Multi-Agent Actor-Critic for Mixed Cooperative-Competitive Environments

Authors: Ryan Lowe, YI WU, Aviv Tamar, Jean Harb, OpenAI Pieter Abbeel, Igor Mordatch

NeurIPS 2017 | Conference PDF | Archive PDF | Plain Text | LLM Run Details

Reproducibility Variable Result LLM Response
Research Type Experimental We show the strength of our approach compared to existing methods in cooperative as well as competitive scenarios, where agent populations are able to discover various physical and informational coordination strategies.
Researcher Affiliation Collaboration Ryan Lowe Mc Gill University Open AI Yi Wu UC Berkeley Aviv Tamar UC Berkeley Jean Harb Mc Gill University Open AI Pieter Abbeel UC Berkeley Open AI Igor Mordatch Open AI
Pseudocode Yes We provide the description of the full algorithm in the Appendix.
Open Source Code No The paper provides a link to the multi-agent particle environments used for experiments (https://github.com/openai/multiagent-particle-envs), but does not state that the source code for their proposed MADDPG methodology itself is made publicly available.

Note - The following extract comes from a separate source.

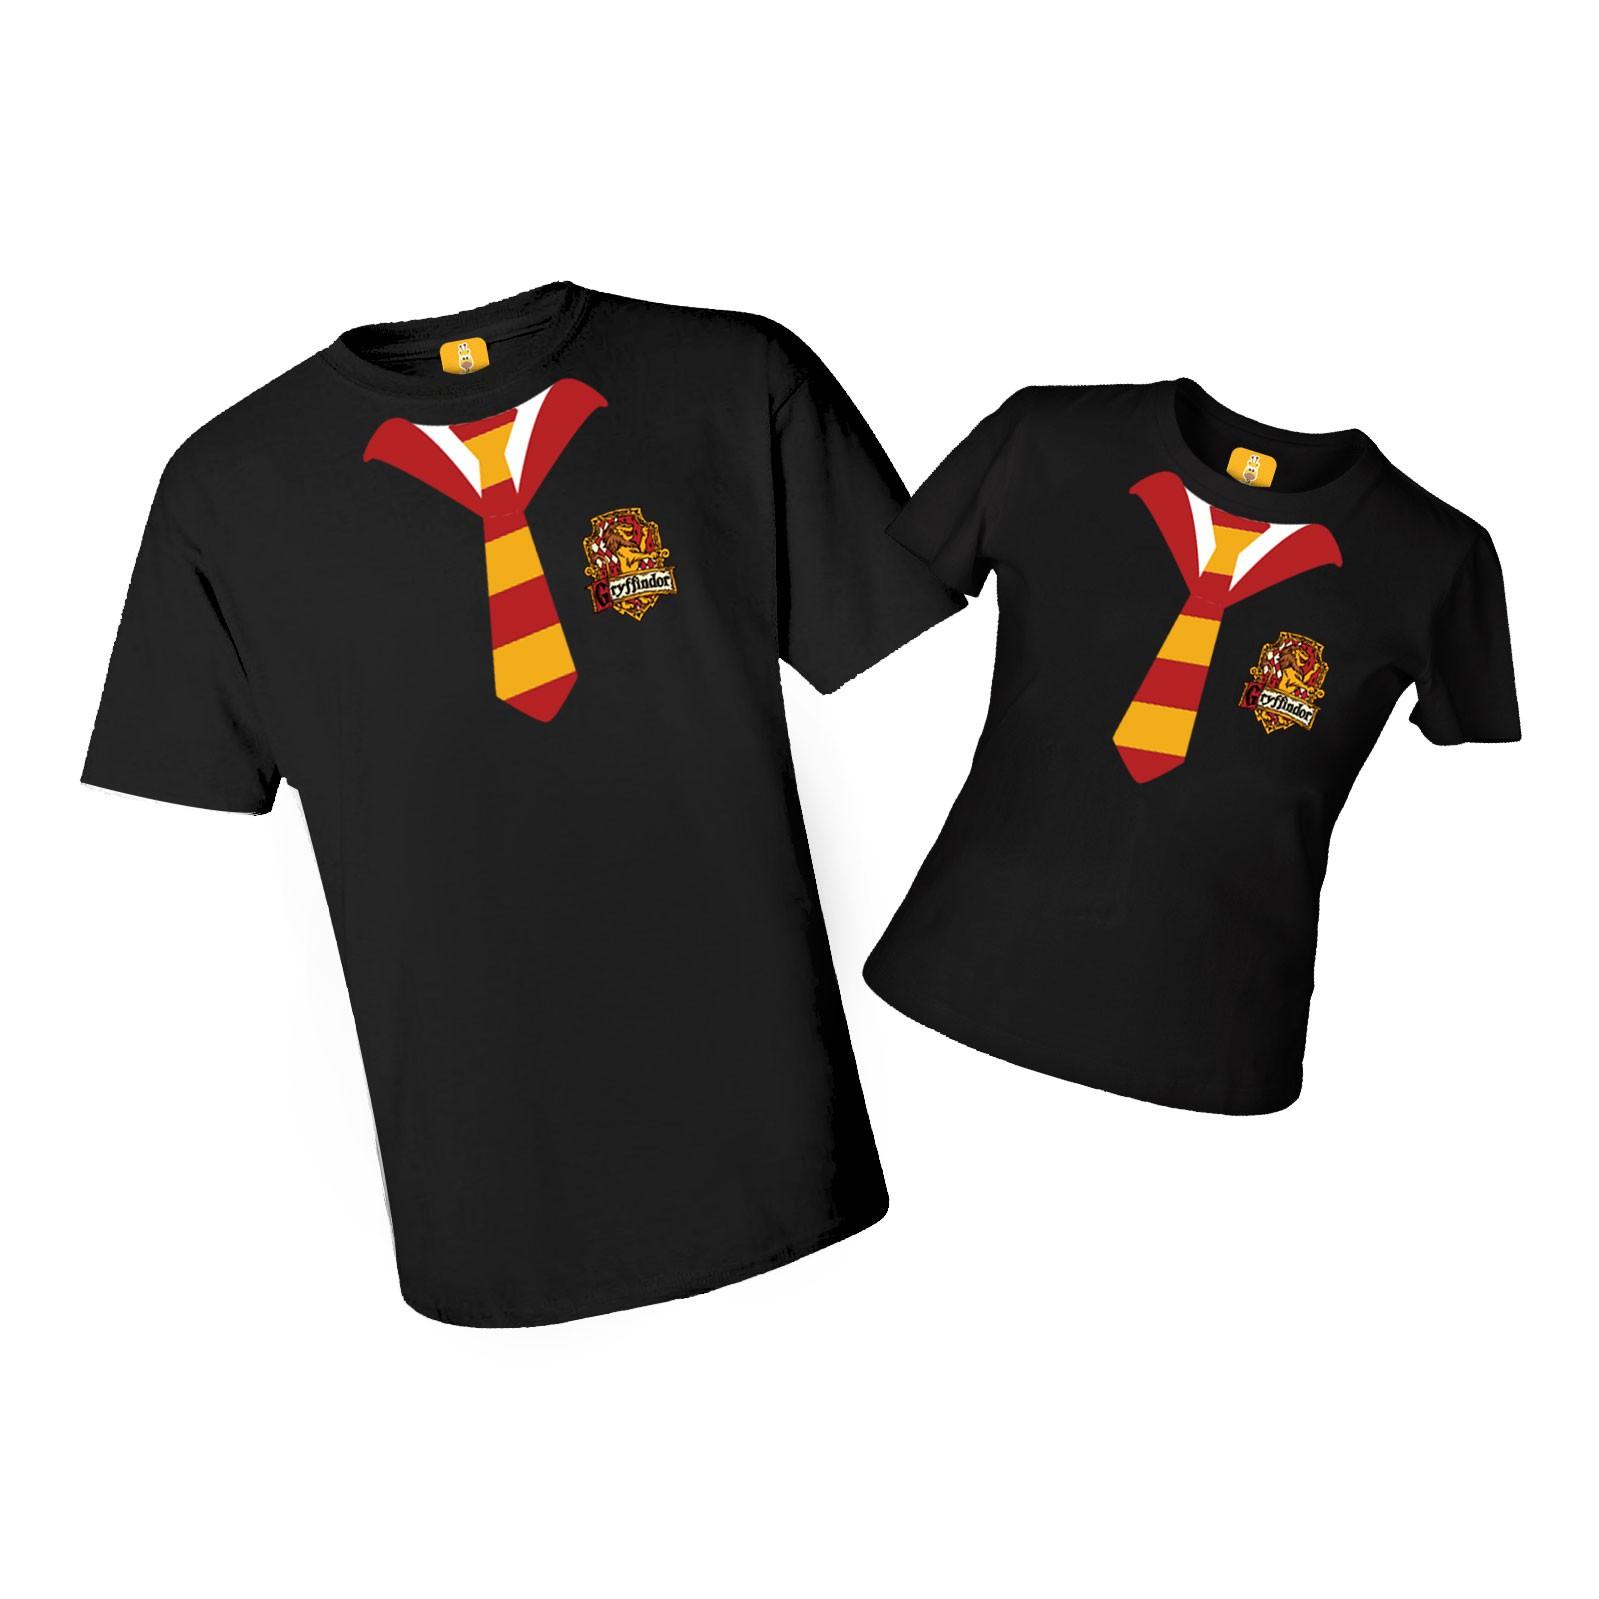 Camiseta adulta Harry Potter com 2 peças

Open Datasets Yes To perform our experiments, we adopt the grounded communication environment proposed in [24]... The environments are publicly available: https://github.com/openai/multiagent-particle-envs
Dataset Splits No The paper describes training and evaluation (e.g., "We train our models until convergence, and then evaluate them by averaging various metrics for 1000 further iterations"), but it operates in a simulation environment where data is generated dynamically, and thus does not specify explicit training/validation/test splits of a fixed dataset.
Hardware Specification No The paper does not provide any specific details about the hardware used to run the experiments, such as GPU models, CPU types, or memory specifications.

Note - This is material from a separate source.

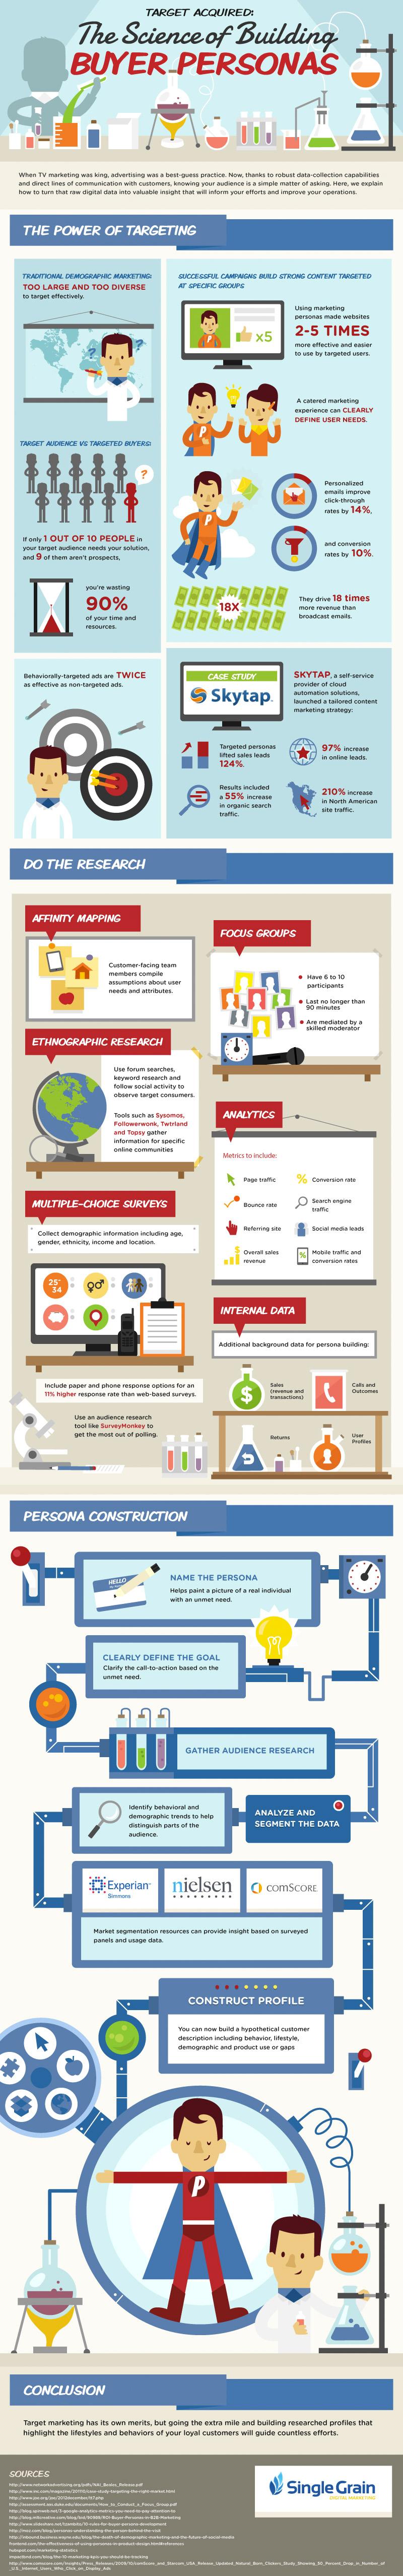 The Science Of Building Buyer Personas [Infographic] image 1417473147 science building buyer personas infographic.jpg

Software Dependencies No The paper mentions using the "Gumbel-Softmax estimator [14]" but does not specify any software names with version numbers for reproducibility (e.g., programming languages, libraries, frameworks with their versions).
Experiment Setup Yes Unless otherwise specified, our policies are parameterized by a two-layer ReLU MLP with 64 units per layer... setting λ = 0.001 in Eq. 7... We choose K = 3 sub-policies for the keep-away and cooperative navigation environments, and K = 2 for predator-prey.